In a mocked-up gallery, Gemini 2 offered a wealth of historical information about paintings on the walls. The model rapidly read from several books as WIRED flicked through pages, instantly translating poetry from Spanish to English and describing recurrent themes.
“There are obvious business model opportunities for advertising or recommendations,” Hassabis says when asked if companies might be able to pay to have their products highlighted by Astra.
Though the demos were carefully curated, and Gemini 2 will inevitably make errors in real use, the model resisted efforts to trip it up reasonably well. It adapted to interruptions and as WIRED suddenly changed the phone’s view, improvising much as a person might.

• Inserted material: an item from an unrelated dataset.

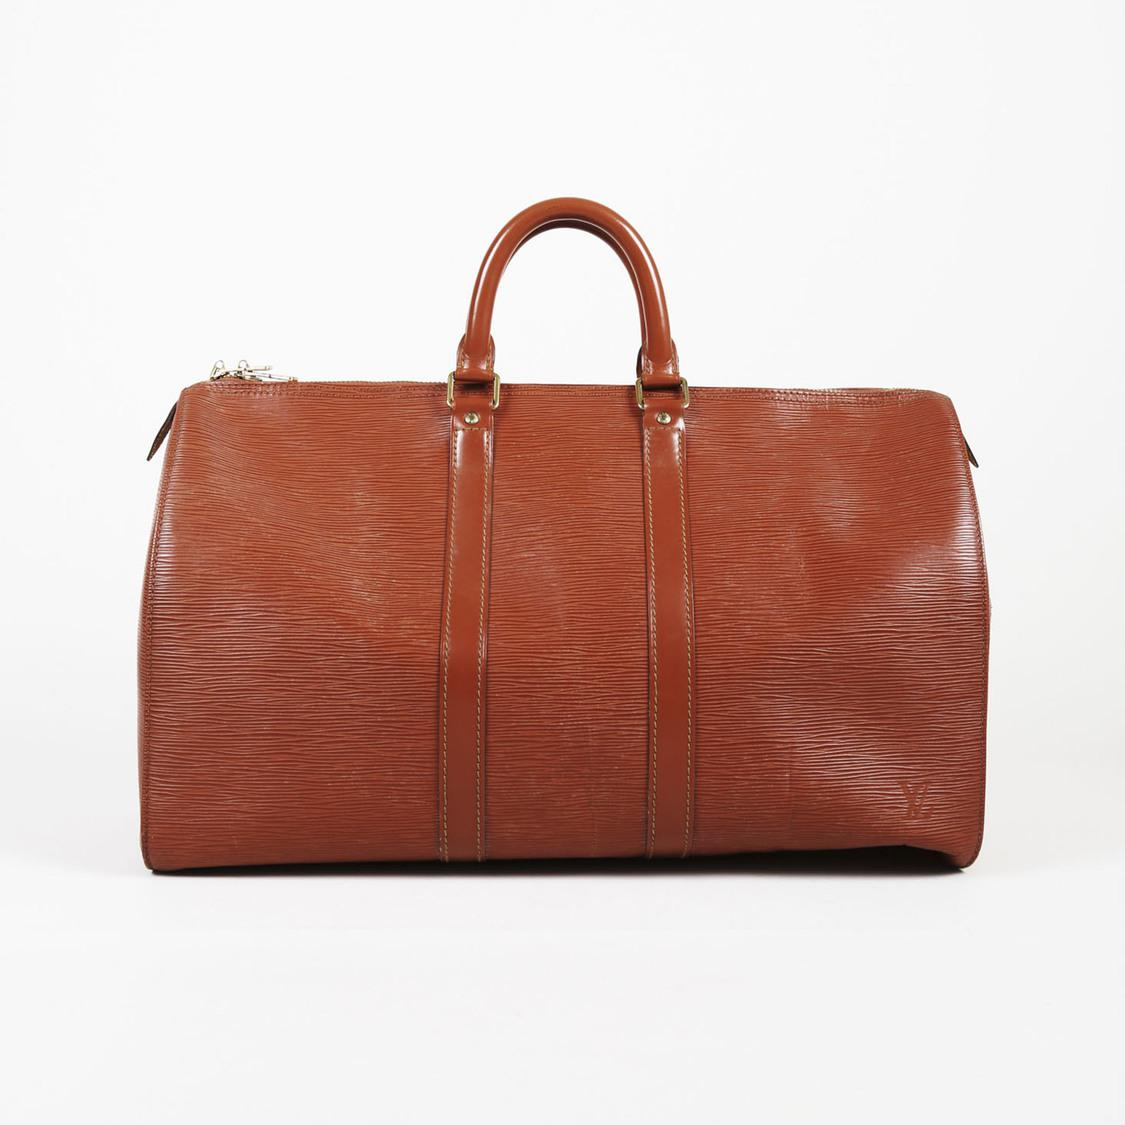 ffd23b6f2ab9 Louis Vuitton. Women s Vintage Brown Epi Leather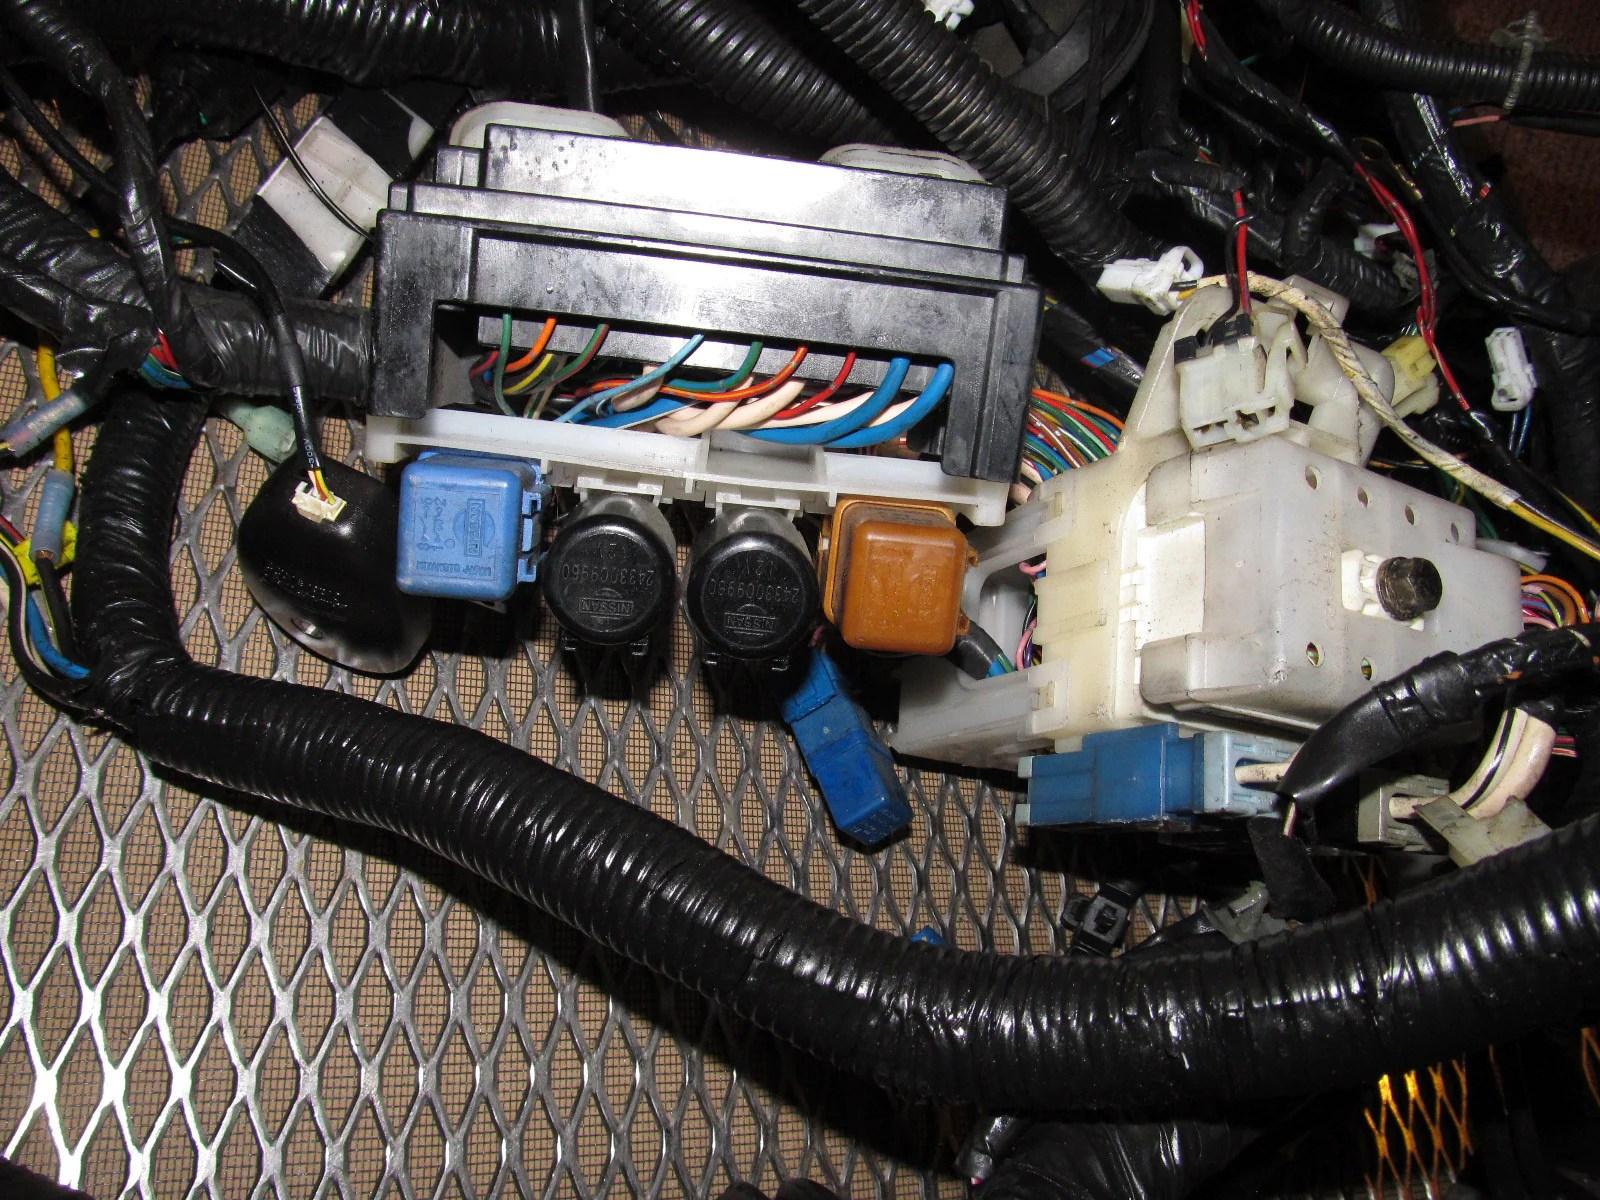 1991 nissan 240sx ignition wiring diagram radiator electric fan interior fuse box auto

At one point, your correspondent showed Gemini 2 an iPhone and said that it was stolen. Gemini 2 said that it was wrong to steal and the phone should be returned. When pushed, however, it granted that it would be OK to use the device to make an emergency phone call.
Hassabis acknowledges that bringing AI into the physical world could result in unexpected behaviors. “I think we need to learn about how people are going to use these systems,” he says. “What they find it useful for; but also the privacy and security side, we have to think about that very seriously up front.”